Evaluation of response to treatment of LysM/Vcan^−/− BMDMs with TLR3 agonist poly(I:C).

In vitro experiments were performed to assess the role of macrophage-derived versican in the inflammatory response. To specifically evaluate Trif-mediated signaling, studies were performed with poly(I:C) rather than LPS, which activates MyD88- and Trif-dependent signaling. Thus poly(I:C)-stimulated chemokine and cytokine production was evaluated in control and LysM/Vcan^−/− macrophages. The ability of poly(I:C) to stimulate mRNA expression of IFN-β (Fig. 8A), IL-10 (Fig. 8C), CXCL2 (Fig. 8E), and CCL2 (Fig. 8G) in control macrophages was significantly reduced in LysM/Vcan^−/− macrophages (IFN-β: 57% reduction; IL-10: 60%; CXCL2: 46%; CCL2: 57%).

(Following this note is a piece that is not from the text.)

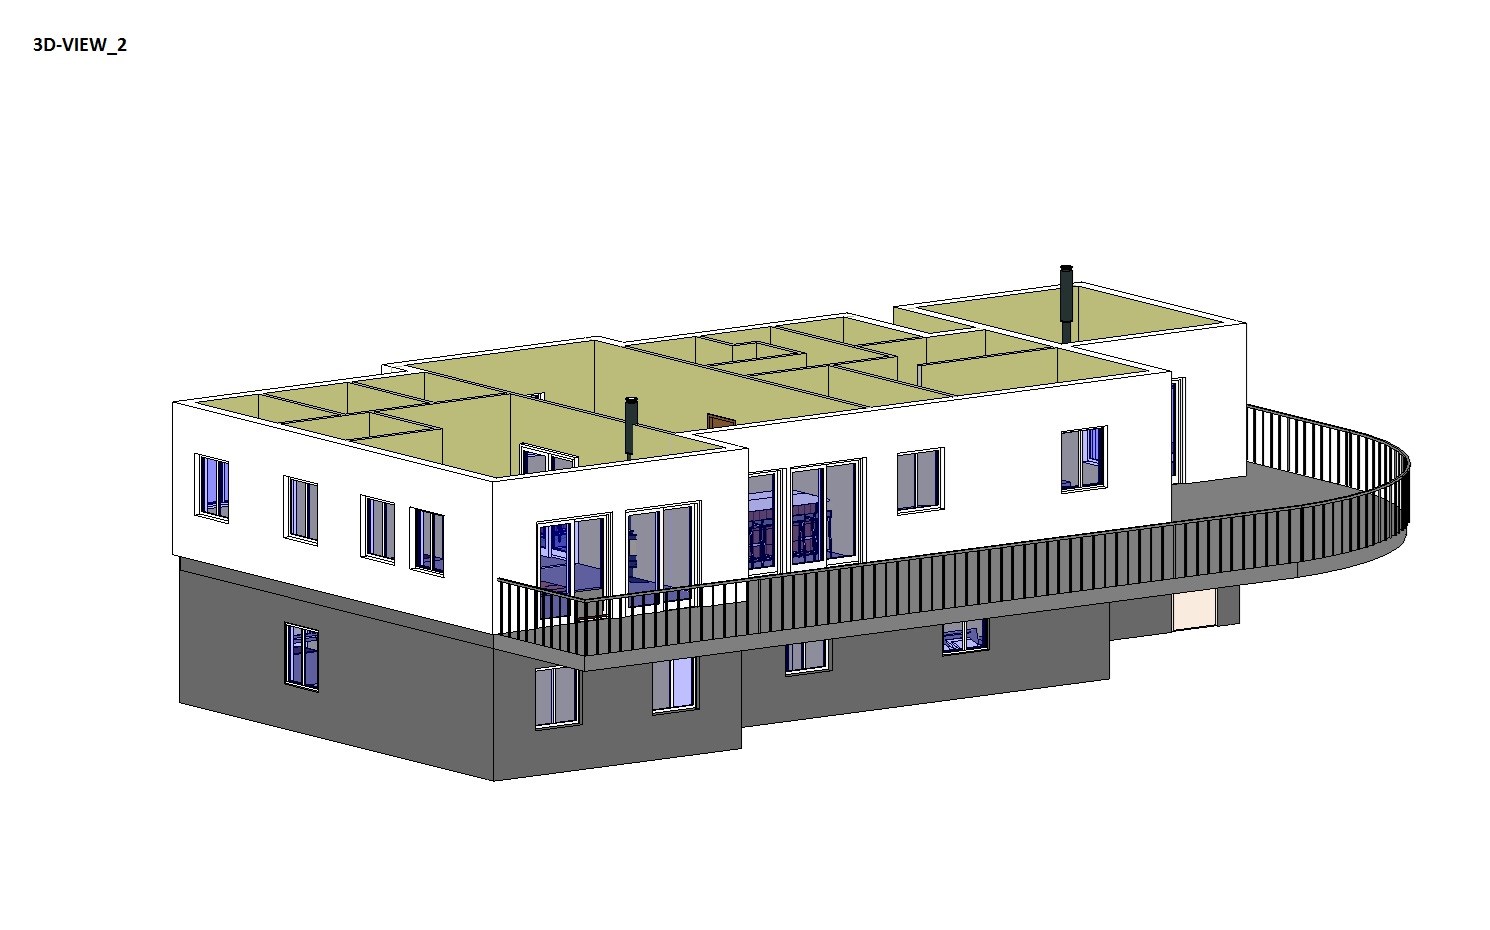 Hvordan ville DU løst takeutforming på dette huset (og fasade/materialvalg)? - 3D-VIEW_2.jpg - Anonym

Similarly, the ability of poly(I:C) to stimulate secreted protein levels for these molecules was also reduced in versican-deficient macrophages (IFN-β: 45% reduction; IL-10: 60%; CXCL2: 66%; CCL2: 78%) (Fig. 8, B, D, F, and H). Poly(I:C)-induced mRNA for TNF-α and IL-6 in control macrophages also was decreased in LysM/Vcan^−/− macrophages; however, there were no differences in secreted protein levels of these cytokines (data not shown). There was no difference in poly(I:C)-stimulated CXCL1 mRNA or protein in control or LysM/Vcan^−/− macrophages (data not shown). Thus the lack of versican impacts expression of select anti-inflammatory (IFN-β and IL-10) and proinflammatory (CXCL2, CCL2) chemokines and cytokines by macrophages. These findings suggest that macrophage-derived versican contributes to the cytokine and chemokine expression and production in BMDMs.

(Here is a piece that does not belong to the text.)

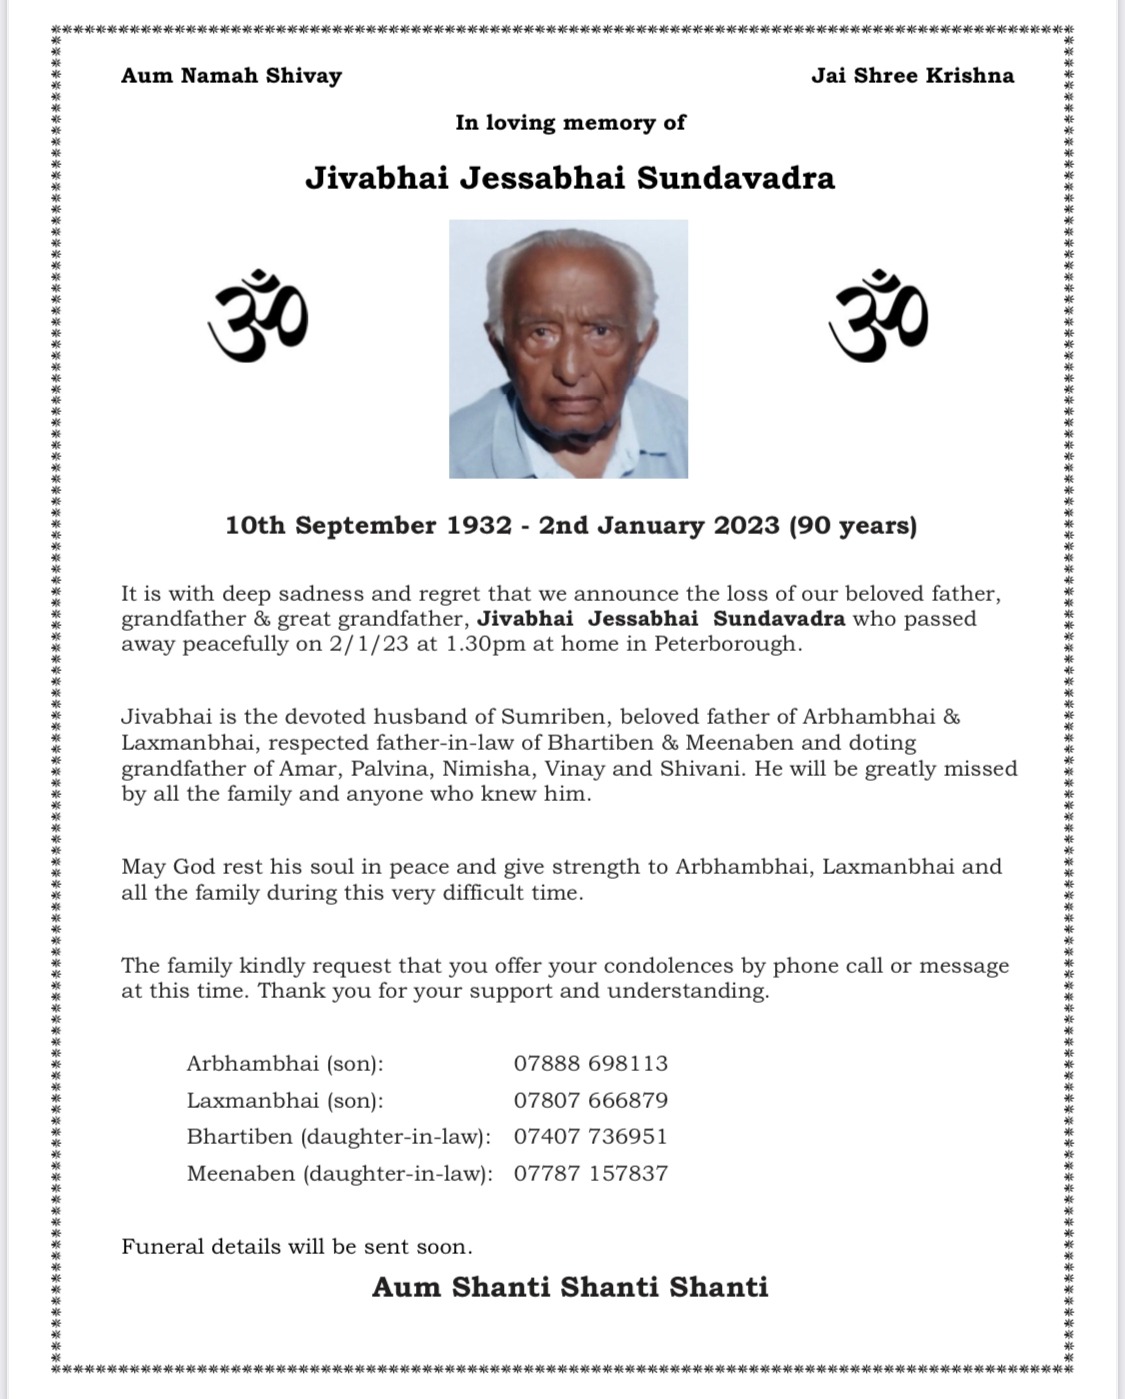 Jivabhai Jessabhai Sundavadra passed away

Fig. 8. — Cytokine and chemokine production by LysM/*Vcan*^−/− macrophages. Fold changes in the mRNA from cell lysates (A, C, E, G) and amount of cytokines and chemokines from supernatant (B, D, F, H) of BMDMs from control (*Vcan*^fl/fl) and LysM/*Vcan*^−/− mice 24 h after treatment with poly(I:C) (10 and 100 ng/ml) (BMDMs from n = 3 mice per group). *P < 0.05, **P < 0.01, ***P < 0.001, ****P < 0.0001.

Evaluation of innate immune response to oropharyngeal treatment of LysM/Vcan^−/− mice with TLR3 agonist poly(I:C).

In vivo studies were performed to evaluate the role of macrophage-derived versican in the inflammatory response to poly(I:C). Exposure to oropharyngeal poly(I:C) (50 μg/mouse or ~1 μg/g) for 24 h elicited a mild inflammatory response in WT mice, indicated by leukocyte migration into the pulmonary air space measured by differential cell counts recovered in BAL fluid [3.7 ± 0.3 × 10⁵ total cells (P < 0.05 vs. PBS-treated WT mice)]. Poly(I:C) elicited a more robust inflammatory response in LysM/Vcan^−/− mice, as suggested by increased total inflammatory cell recruitment {5.9 ± 0.4 × 10⁵ total cells [P < 0.001 vs. poly(I:C)-treated WT mice]}, with no differences observed in pulmonary recruitment of leukocytes into the lungs of male and female mice (Fig. 9A). Increased total inflammatory cell recruitment was attributable to increases in both mononuclear [2.7 ± 0.2 × 10⁵ WT vs. 3.6 ± 0.3 × 10⁵ LysM/Vcan^−/− mice (P < 0.05)] (Fig. 9B) and polymorphonuclear [1.1.0 ± 0.1 × 10⁵ WT vs. 2.3 ± 0.2 × 10⁵ LysM/Vcan^−/− mice (P < 0.001)] (Fig. 9C) cell populations.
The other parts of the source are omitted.